**Required work:**
Leave out any picture and return the remaining listing below exactly as given.

**Supplied data:**
⁂
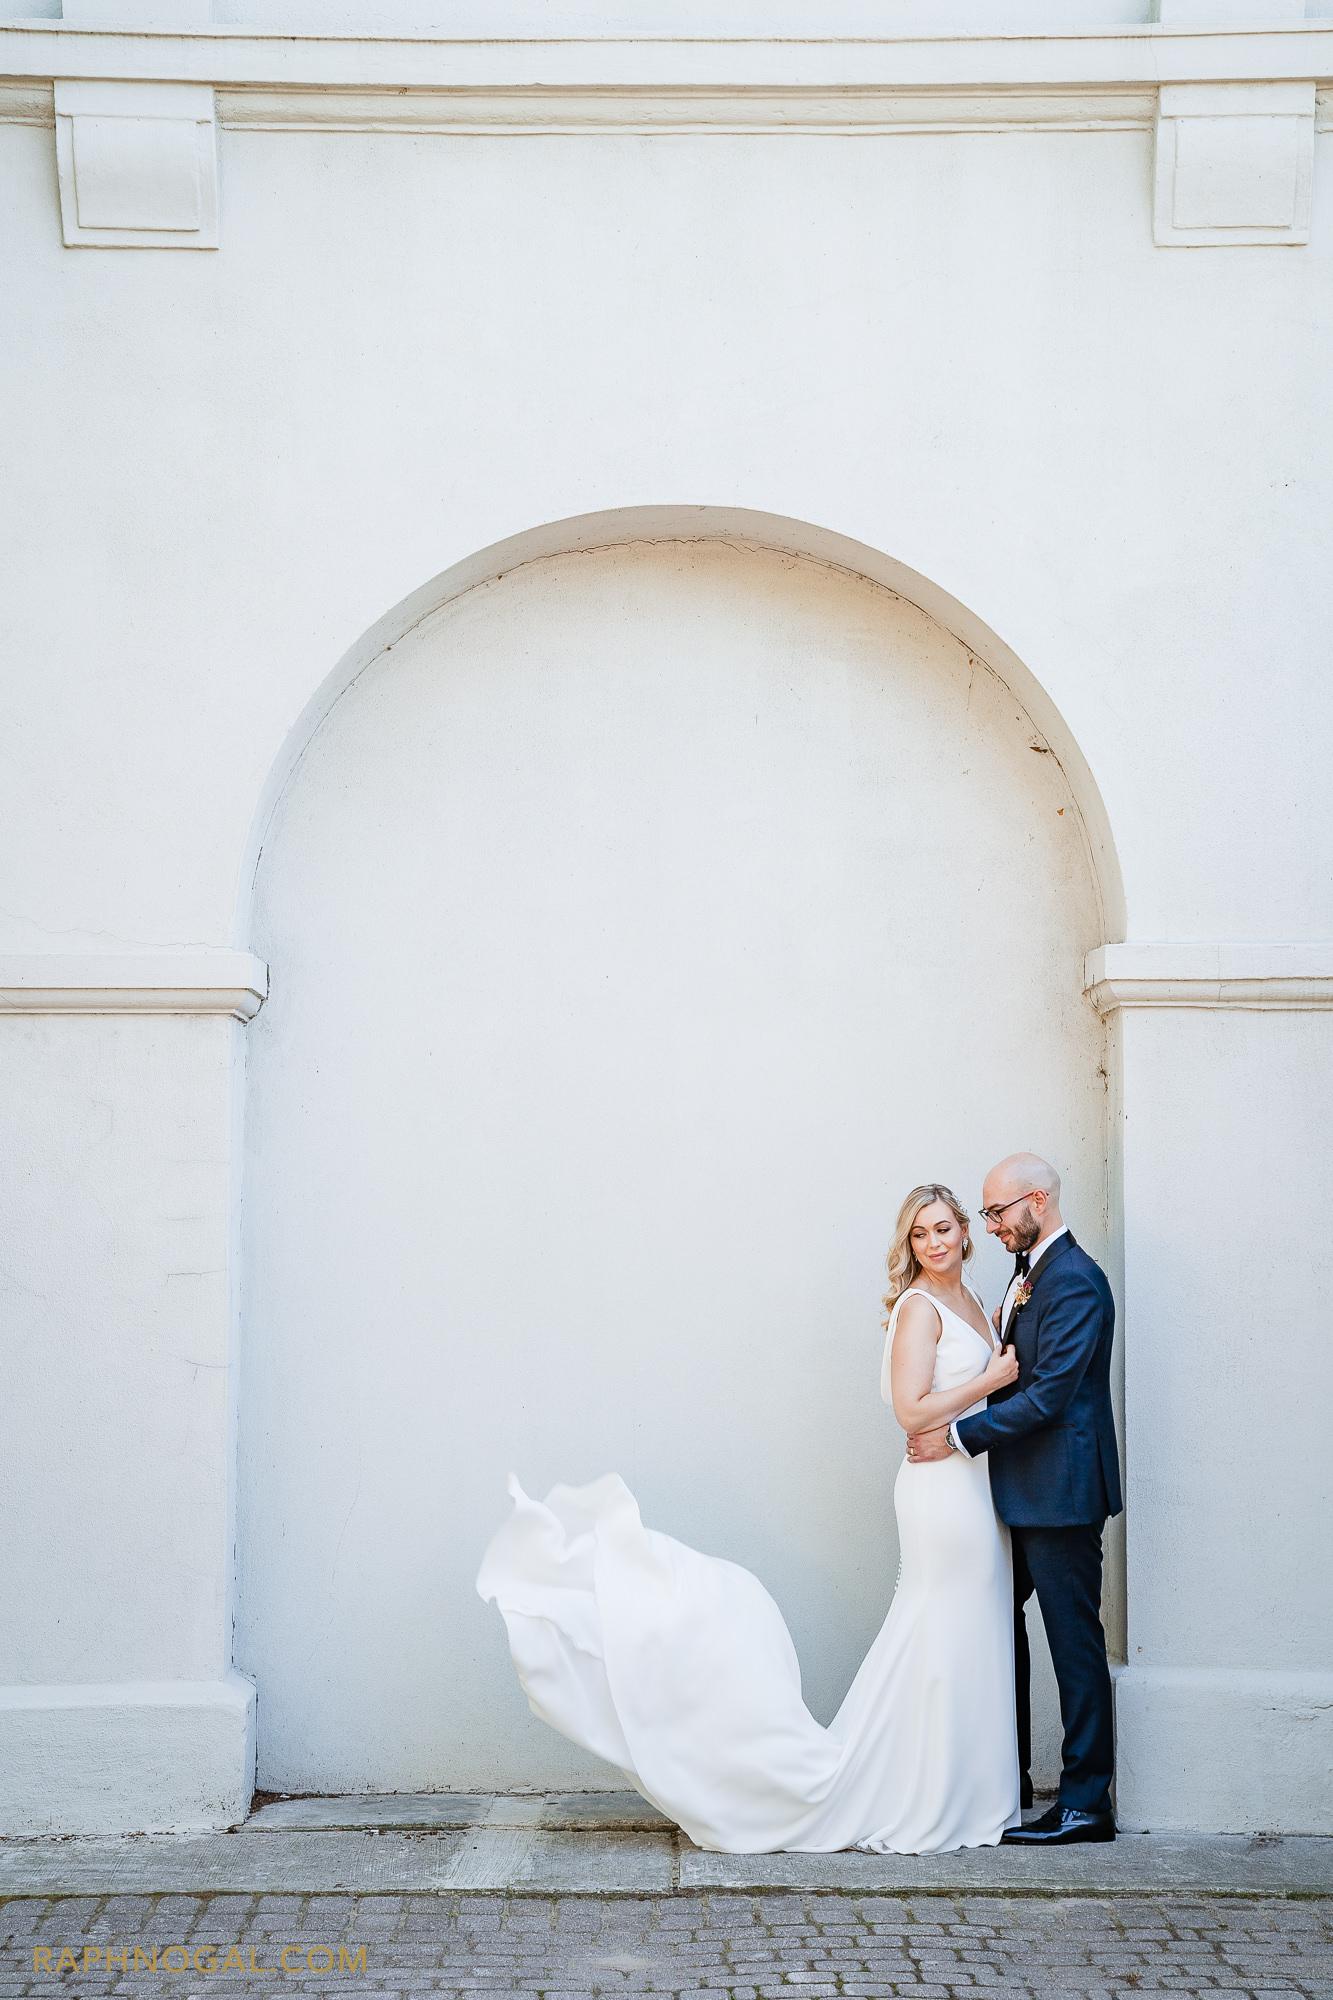 Sunnyside Pavilion wedding photos
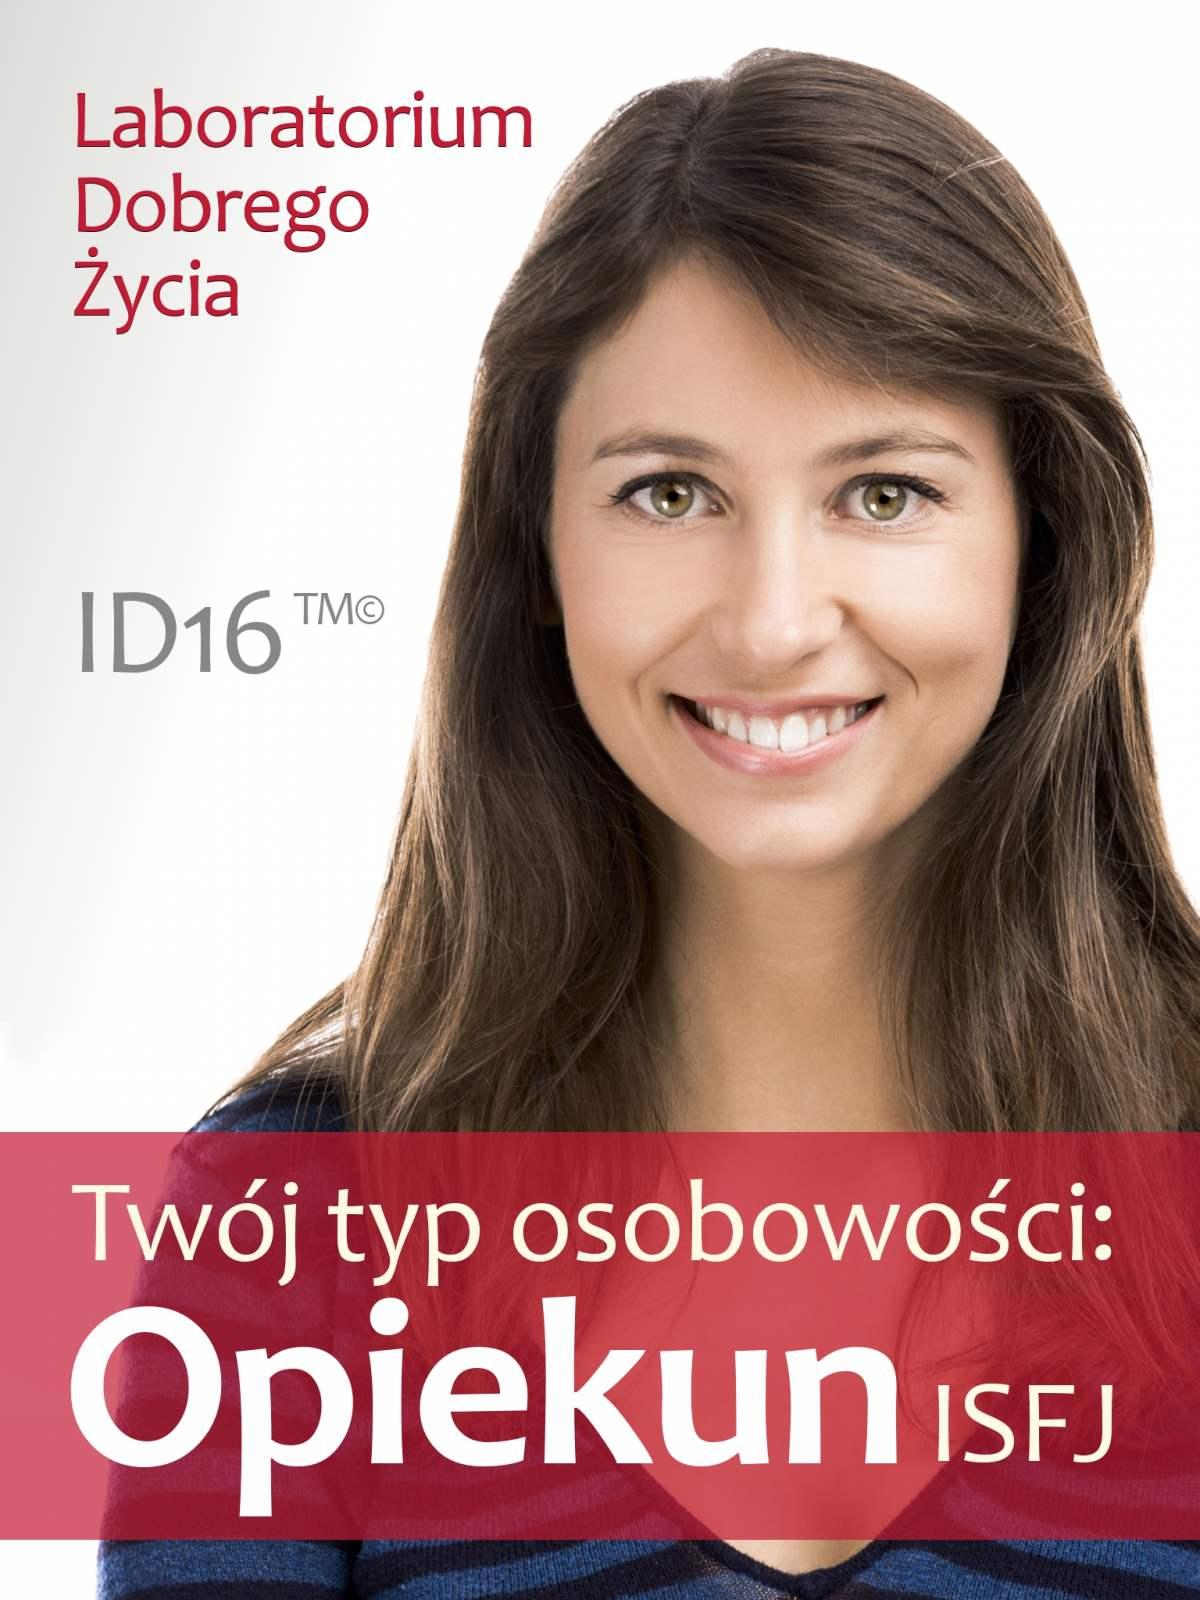 Twój typ osobowości: Opiekun (ISFJ) - Ebook (Książka PDF) do pobrania w formacie PDF
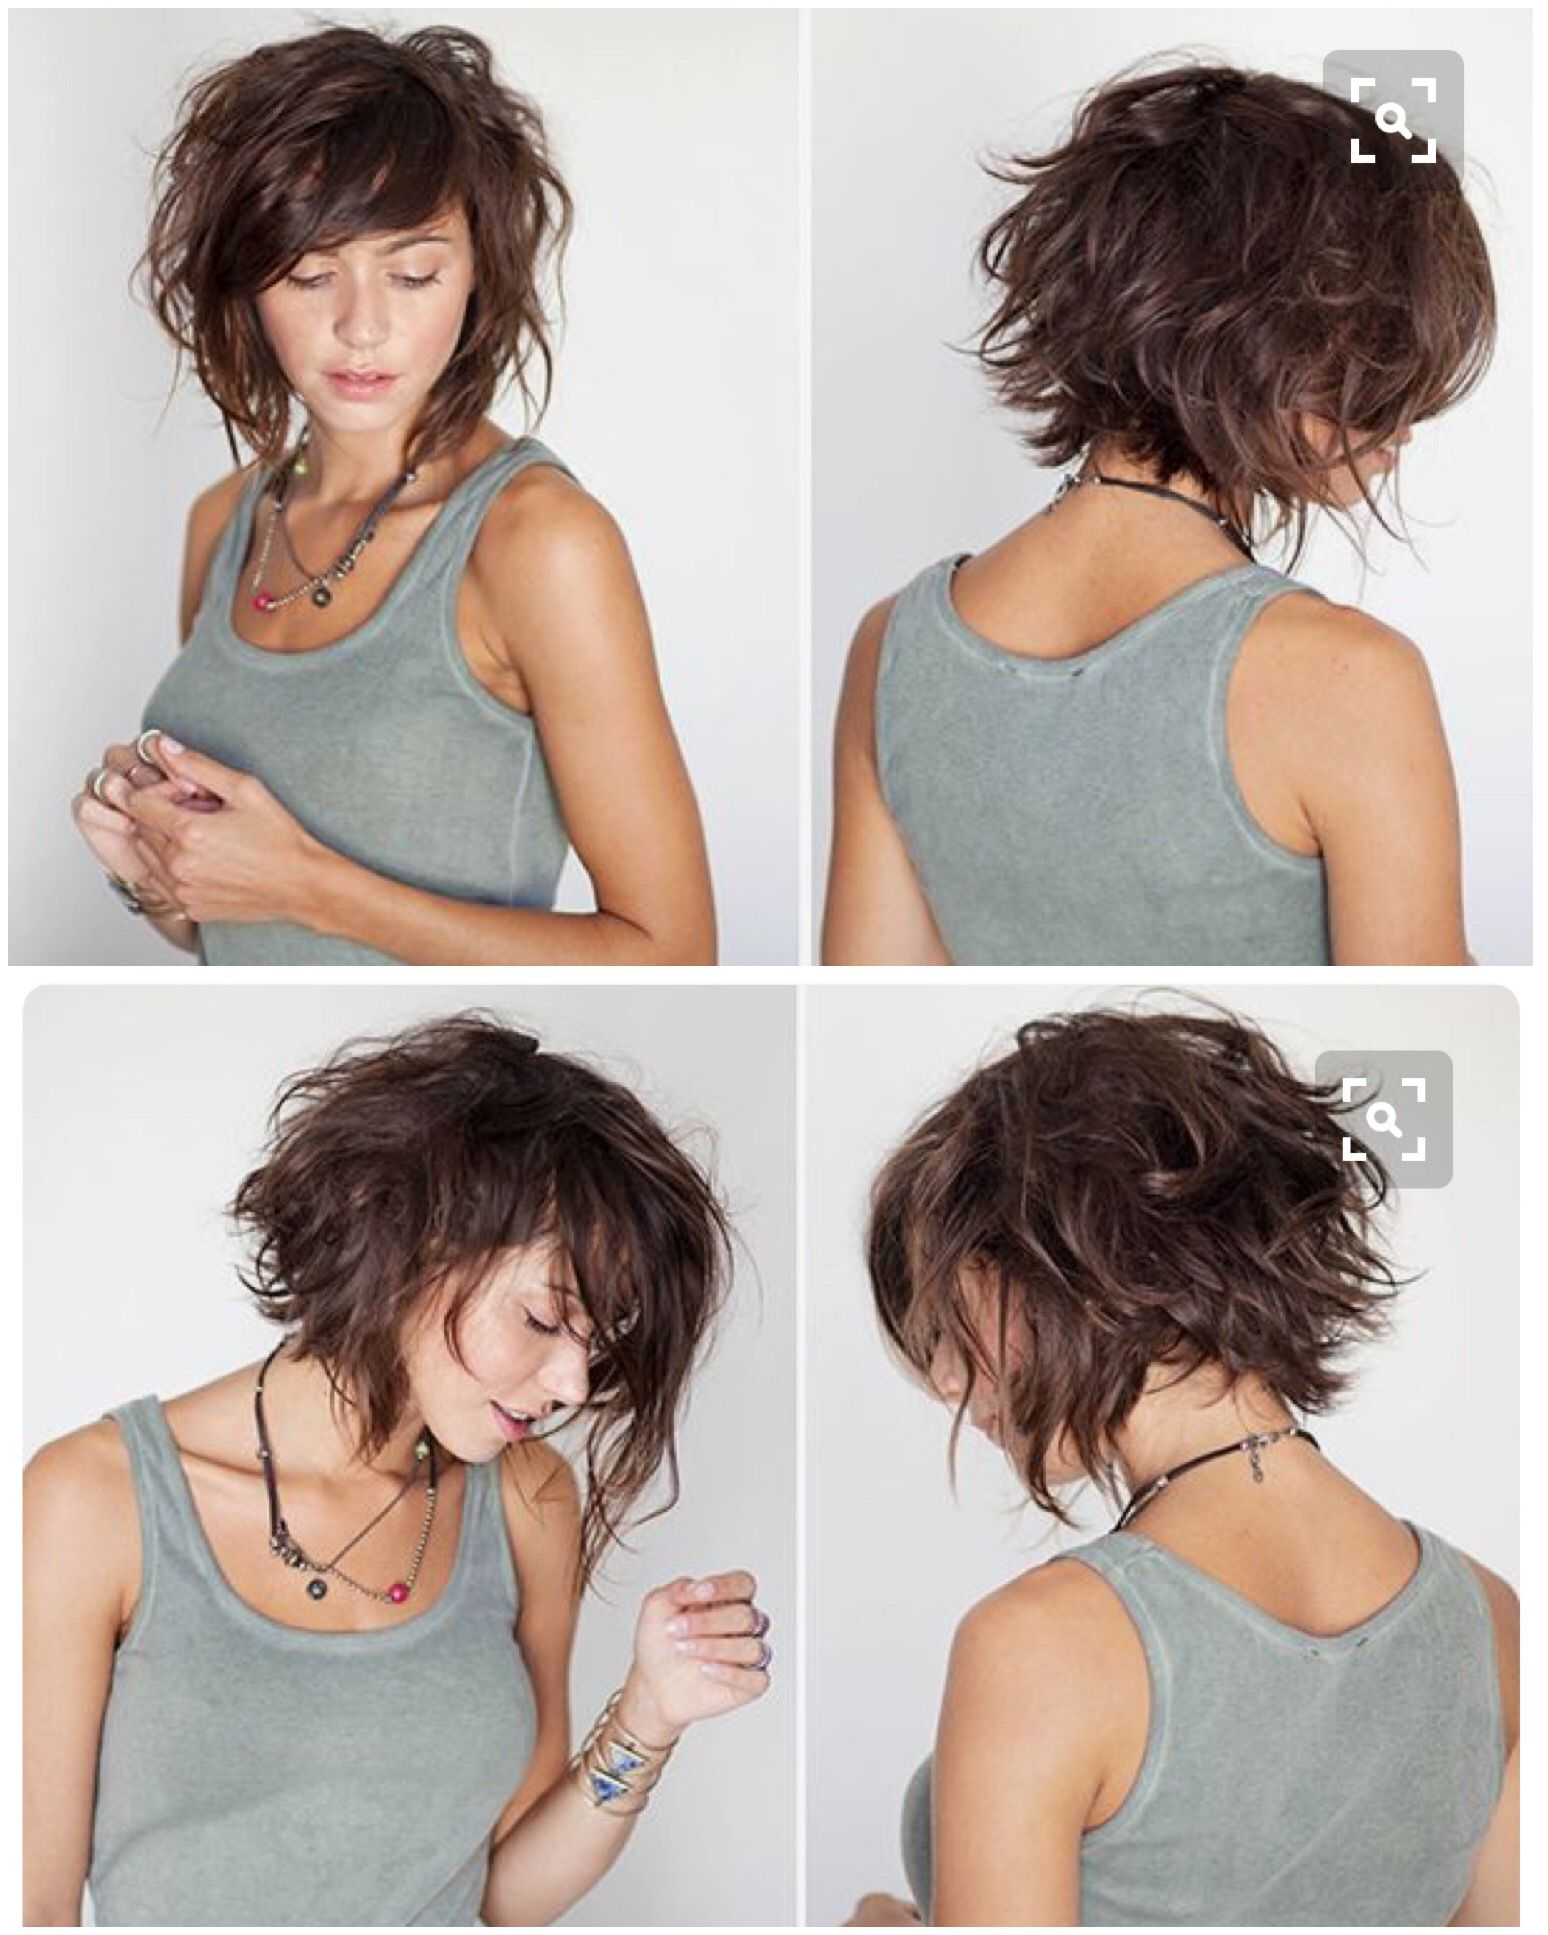 Haircut for men all angles wavy layered bob  angles cute u sassy  short hair styles
⁂
**Response below:**
 Sunnyside Pavilion wedding photos
 Twój typ osobowości: Opiekun (ISFJ) - Ebook (Książka PDF) do pobrania w formacie PDF
 Haircut for men all angles wavy layered bob  angles cute u sassy  short hair styles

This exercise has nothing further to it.